Problème / difficulté : Carlo, 52 ans, directeur d’EMS et coureur de fond assidu, consulte en raison de douleurs situées dans le bas du dos, les pieds et la nuque.
Bilan morpho‑psychologique : Carlo présente de nombreuses adaptations dites négatives de la verticalité, dont la plus évidente est une forte lordose cervicale, se manifestant par une posture typique de la « tête en avant ». Il présente également des jambes en O (genoux varum), probablement à l’origine de ses douleurs aux pieds, qui doivent compenser cette adaptation — phénomène accentué par la pratique intensive de la course à pied. Son corps est globalement assez spastique et tendu. Je m’interroge d’ailleurs sur sa capacité à poursuivre des marathons importants sans risquer d’aggraver ces compensations.
Fils de maçon et issu d’une seconde génération d’immigrés en Suisse, Carlo s’est juré de « réussir » sa vie. Volontaire, déterminé et ambitieux, il laisse peu de place à l’improvisation ou à la fantaisie dans son emploi du temps. Cette rigueur, qui l’a porté loin professionnellement et sportivement, semble aussi avoir contribué à rigidifier son corps et son rapport à l’effort.

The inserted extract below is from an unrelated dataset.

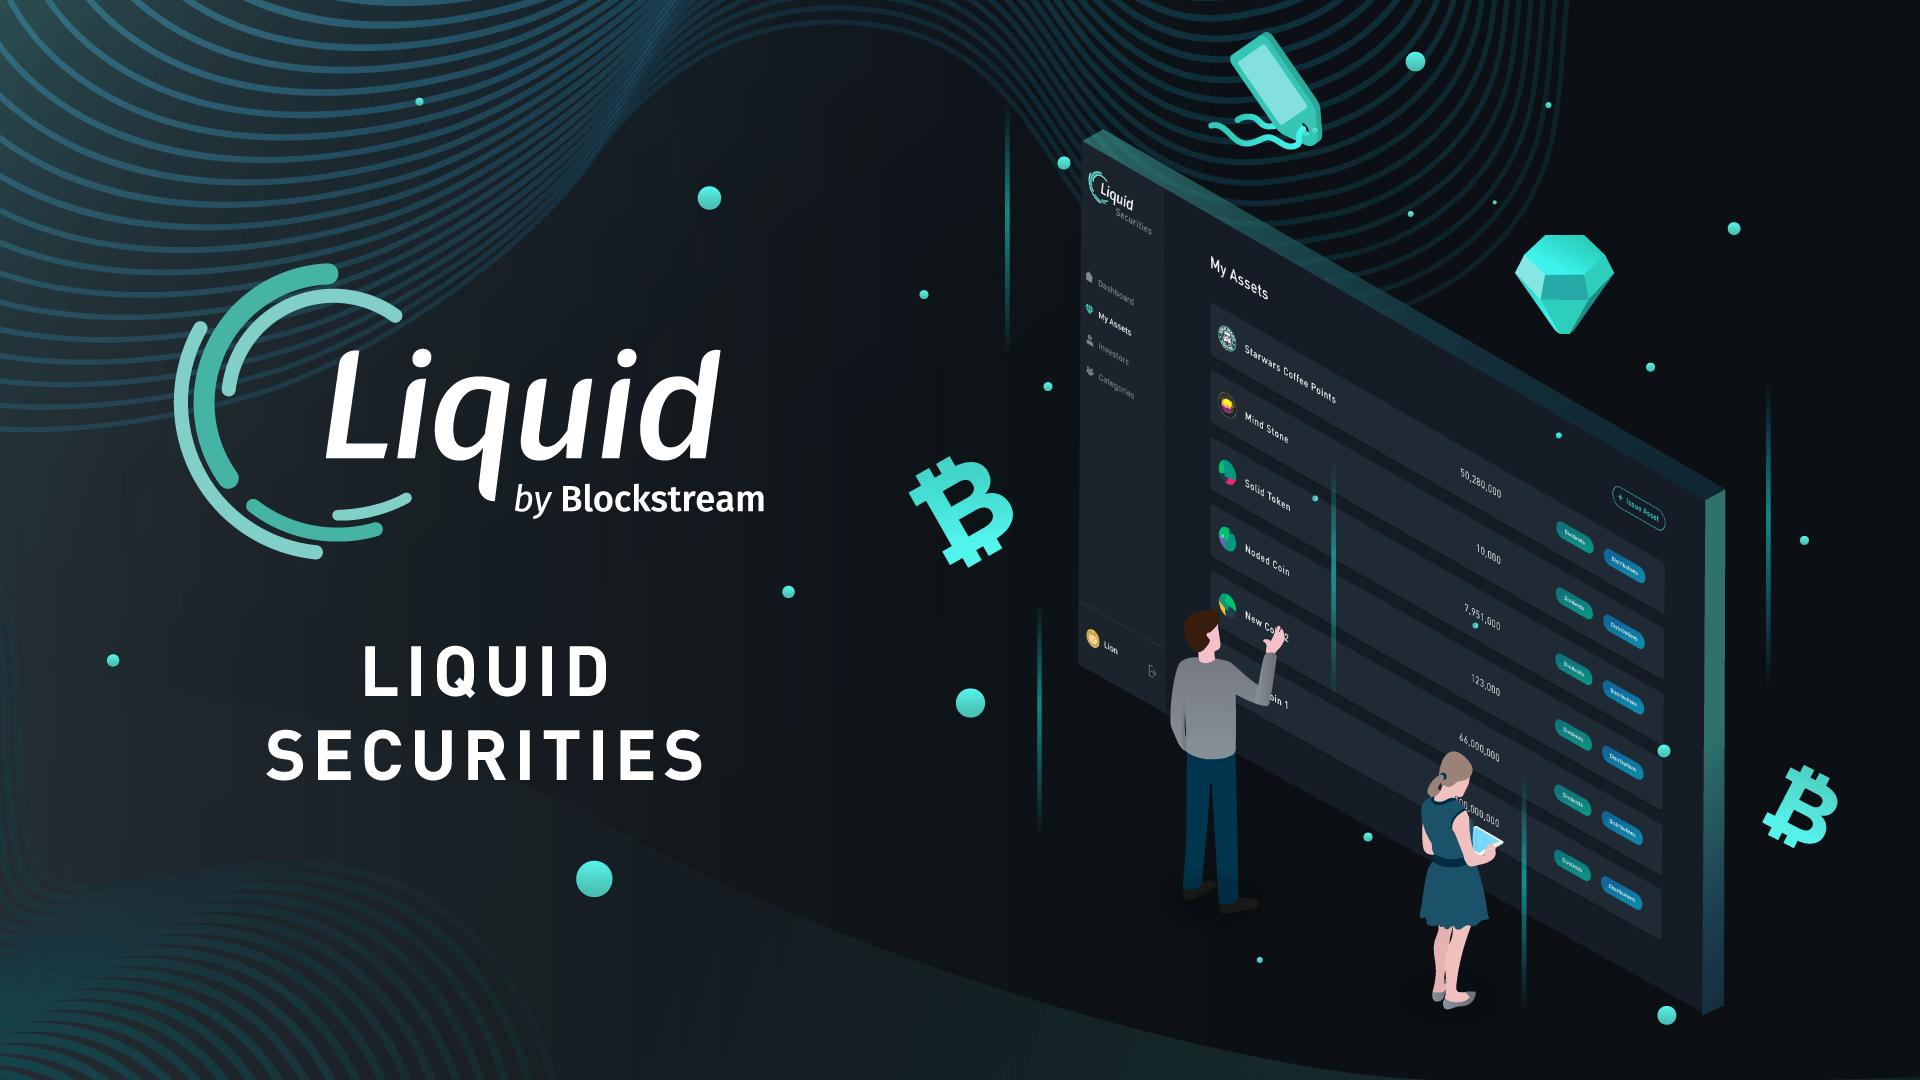 giá bitcoin: Blockstream ra mắt nền tảng phát hành token chứng khoán trên sidechain Liquid của Bitcoin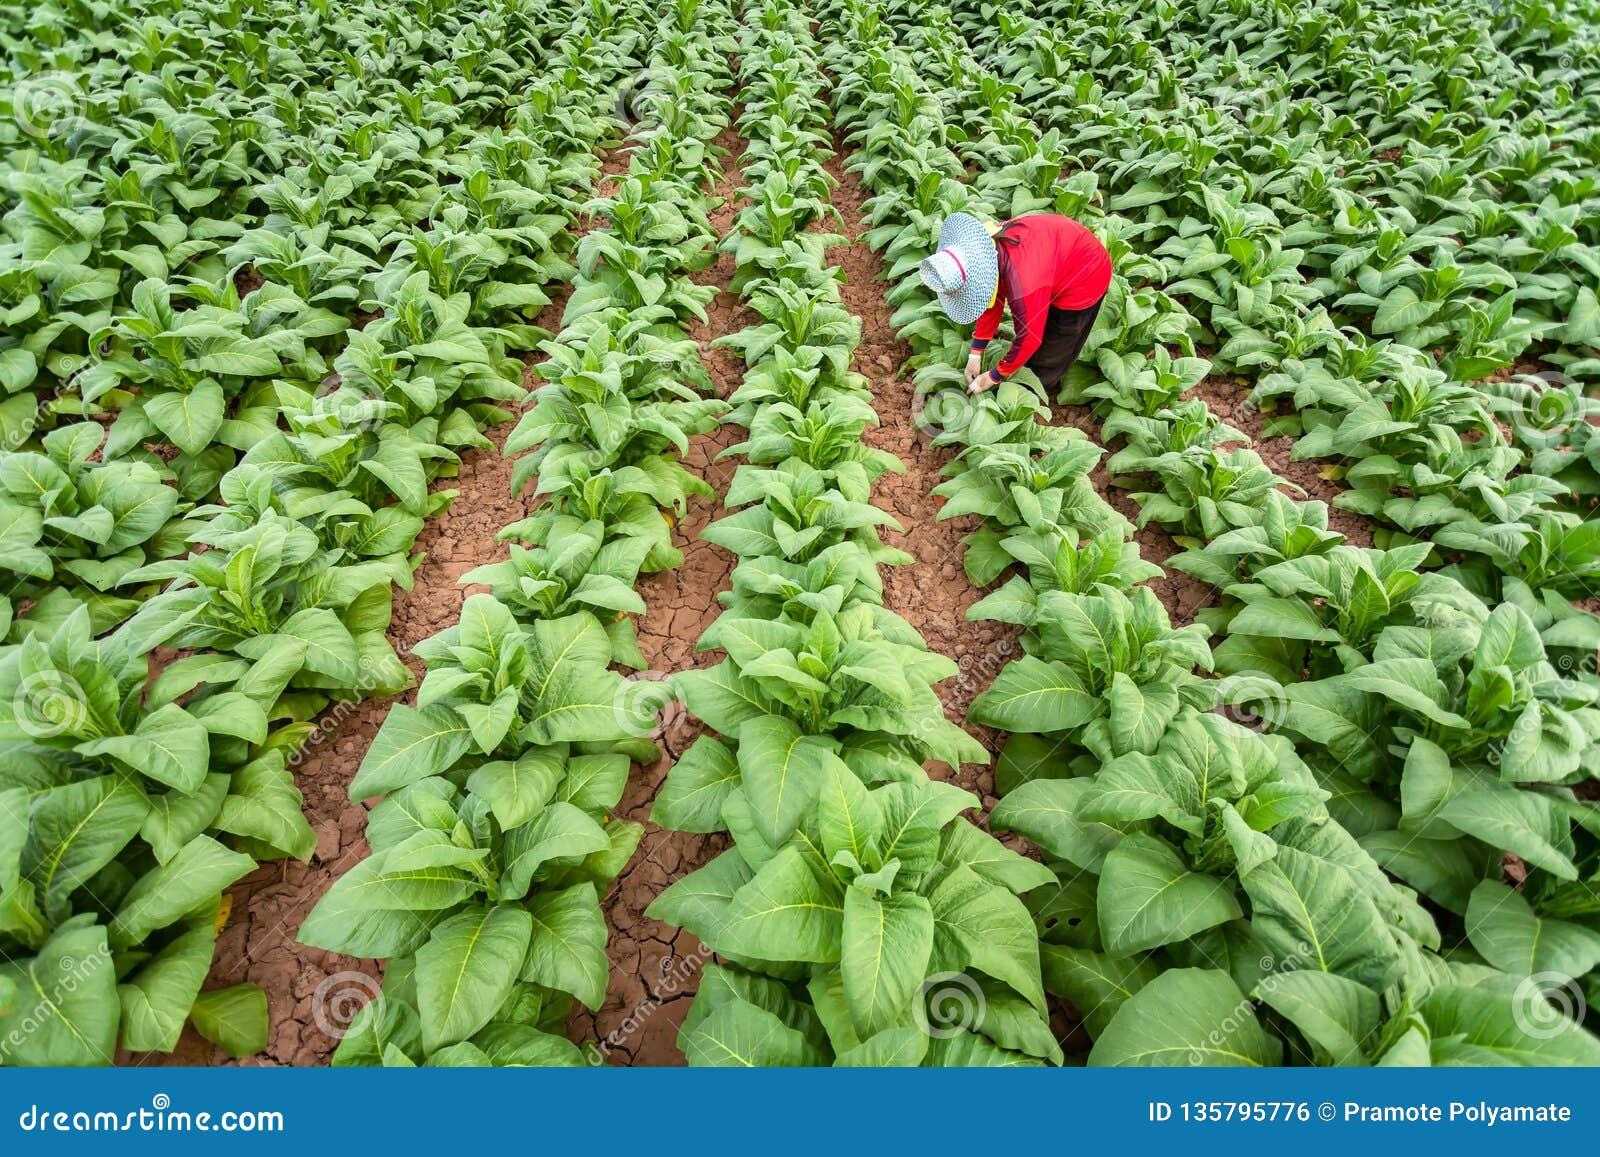 Asiatische Landwirte bauten Tabak in einem umgewandelten Tabakanbau im Land, Thailand an

Soins morphologiques : Sa posture très avachie est la conséquence d’une vie marquée par le stress, qui a fortement impacté son diaphragme. Pour compenser et pouvoir respirer lorsqu’il court, son corps a développé des mécanismes de substitution. En réalité, Carlo supporte très mal la position couchée sur le dos : elle « tire » sur sa musculature et lui donne l’impression d’être écrasé au niveau de la poitrine. Je place donc deux serviettes repliées sous sa tête afin de lui permettre de respirer plus librement. Le traitement avec Carlo est difficile : il ne se laisse pas vraiment aller. Au lieu de se détendre, il pratique le Souffle profond et les postures comme s’il s’agissait d’exercices de gymnastique, en forçant, persuadé qu’il peut accélérer son rétablissement par la volonté.
Soins psychologiques : Sans une remise en question fondamentale de son mode de vie, Carlo se dirige vers une catastrophe au niveau de ses disques intervertébraux — voire davantage. Son tempérament volontaire et combatif masque en réalité un fond dépressif contre lequel il lutte par l’action permanente. Je décide de suspendre le traitement après seulement trois rencontres et l’invite à reprendre contact lorsqu’il sera prêt à envisager de véritables changements dans son mode de vie.